Researchers have identified a way of allowing medics to use tiny laboratories to monitor their patients’ health in real-time and deliver a greater level of personal care than ever before.
While so-called ‘Lab on a Chip’ devices have been in development for a number of years, the requirement for large external support systems and sensor deterioration over time meant they were unsuitable in a clinical setting.
Publishing their findings in the Royal Society of Chemistry’s journal Lab on a Chip, the team from Imperial College London reveal they have overcome these challenges by successfully developing a 3D-printed chip which is more robust and can be controlled remotely using a tablet or computer.
It means Lab on a Chip devices can now be set up to monitor chemical fluctuations inside the body, giving quicker and more accurate results, as well as opening up the potential for medics to gather crucial data which could not be monitored previously.

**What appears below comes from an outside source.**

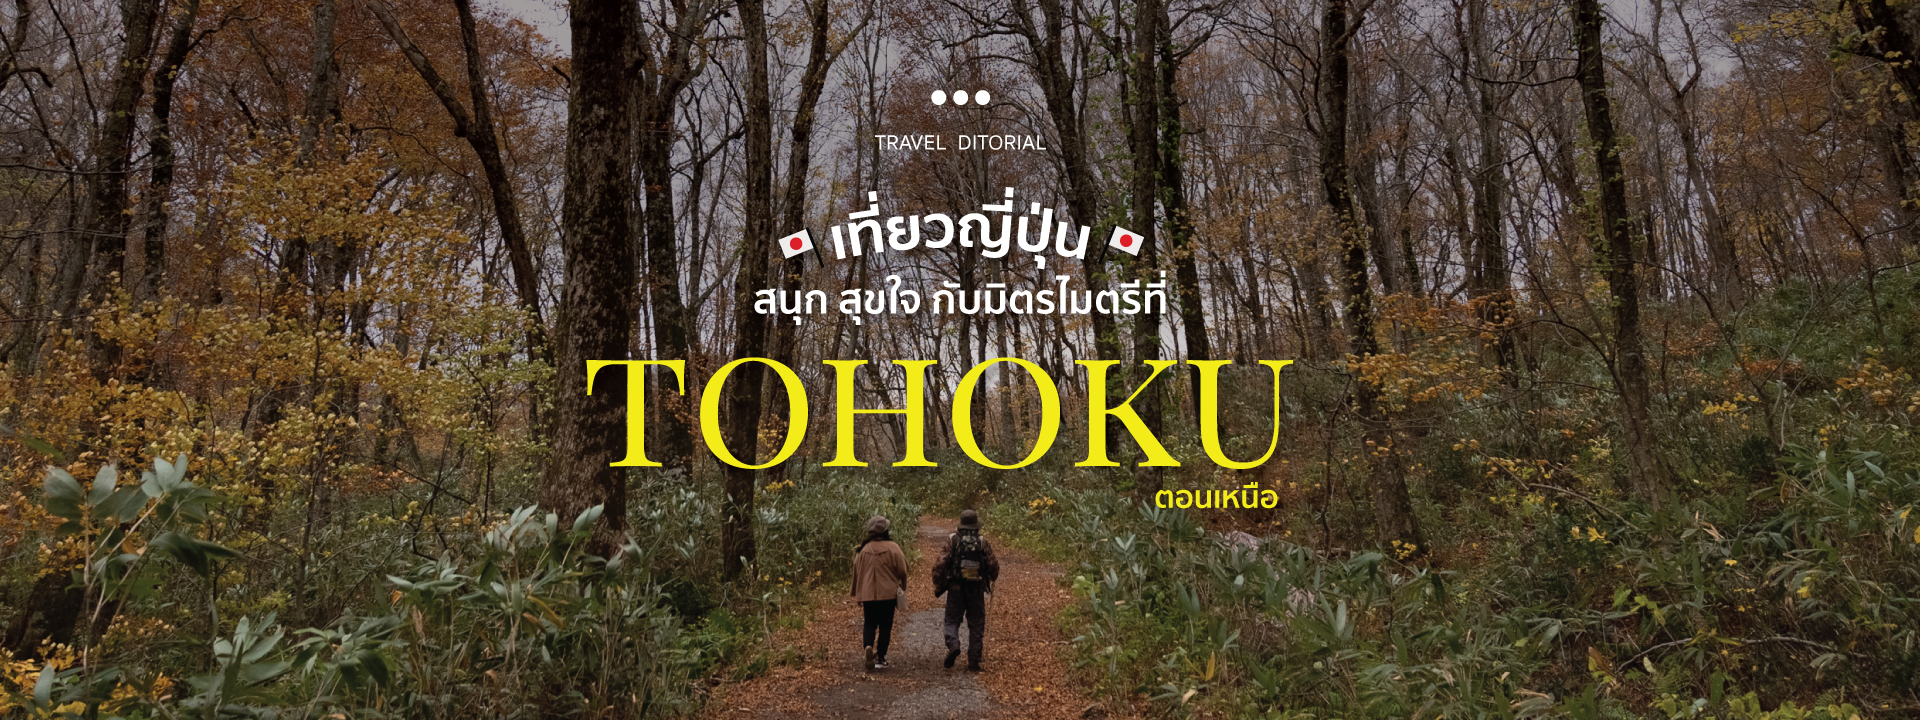 เที่ยวญี่ปุ่น สนุก สุขใจ กับมิตรไมตรีที่ “Tohoku” ตอนเหนือ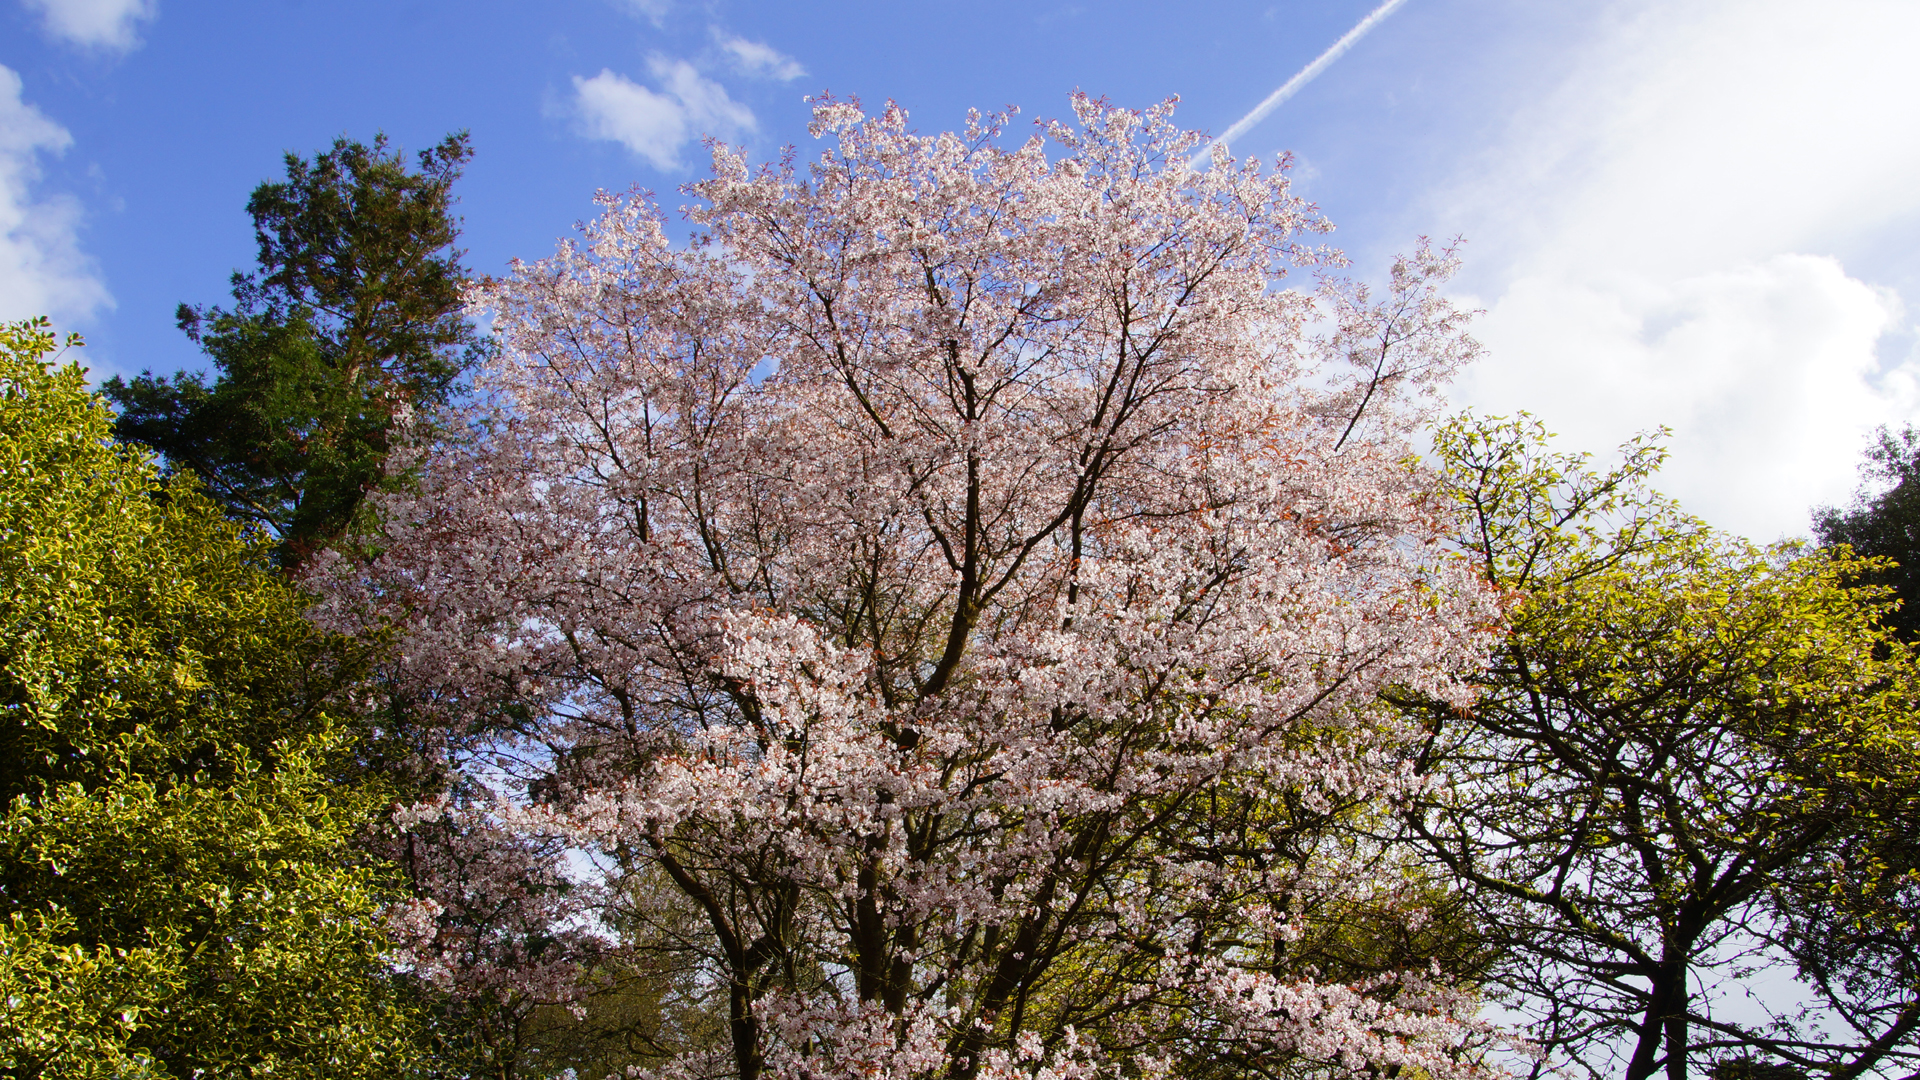 Fotostrecke Frühling Abbildung 22: Frühling in den Mount Stewarts Gardens, Nordirland

Professor Martyn Boutelle, Professor of Biomedical Sensors Engineering at Imperial College London, said:
Our goal was to create devices which will give medical professionals better insight into the condition of their patients, helping them to deliver more effective and personalized care.
Our research has shown that these sensors are capable of successfully monitoring patients who are in incredibly unstable conditions and provide their healthcare team with reliable information as soon as they need it, as well as a means of alerting them when critical clinical changes occur.
Through providing optimal therapy, this will result in better outcomes for patients and therefore has the potential to deliver cost savings for the NHS.”
In proving the technology, the team monitored traumatic brain injury patients at the intensive therapy unit at King’s College Hospital. A sampling probe was placed into the patient’s brain by neurosurgeons. This was then coupled to an external ‘lab on a chip’ device set to continuously monitor the levels of multiple substances in the brain such as glucose and pyruvate. The brain requires a continuous supply of glucose in order to function, but too much of it can have a detrimental effect.
Similarly, if the pyruvate level declines it could indicate a lack of oxygen getting to the brain. This information acted as an early warning of possible declining brain function, something that has never been possible in real-time before – giving medics time to take action and improve conditions for the patient.
Commenting on the significance of the findings, Dr Annika Friberg from the Royal Society of Chemistry, said:
This paper demonstrates an exciting and significant step towards this technology being used to great effect in real-world clinical situations. The team at Imperial College London have shown the potential these devices have to radically improve the treatment of patients with acute injuries and sets out the roadmap for reliably testing new ways of monitoring and identifying clinical changes in patients which impact on the outcome of their treatment.”
Gowers, S.A.N., et al. (2019) Clinical translation of microfluidic sensor devices: focus on calibration and analytical robustness. Lab on a Chip. doi.org/10.1039/C9LC00400A.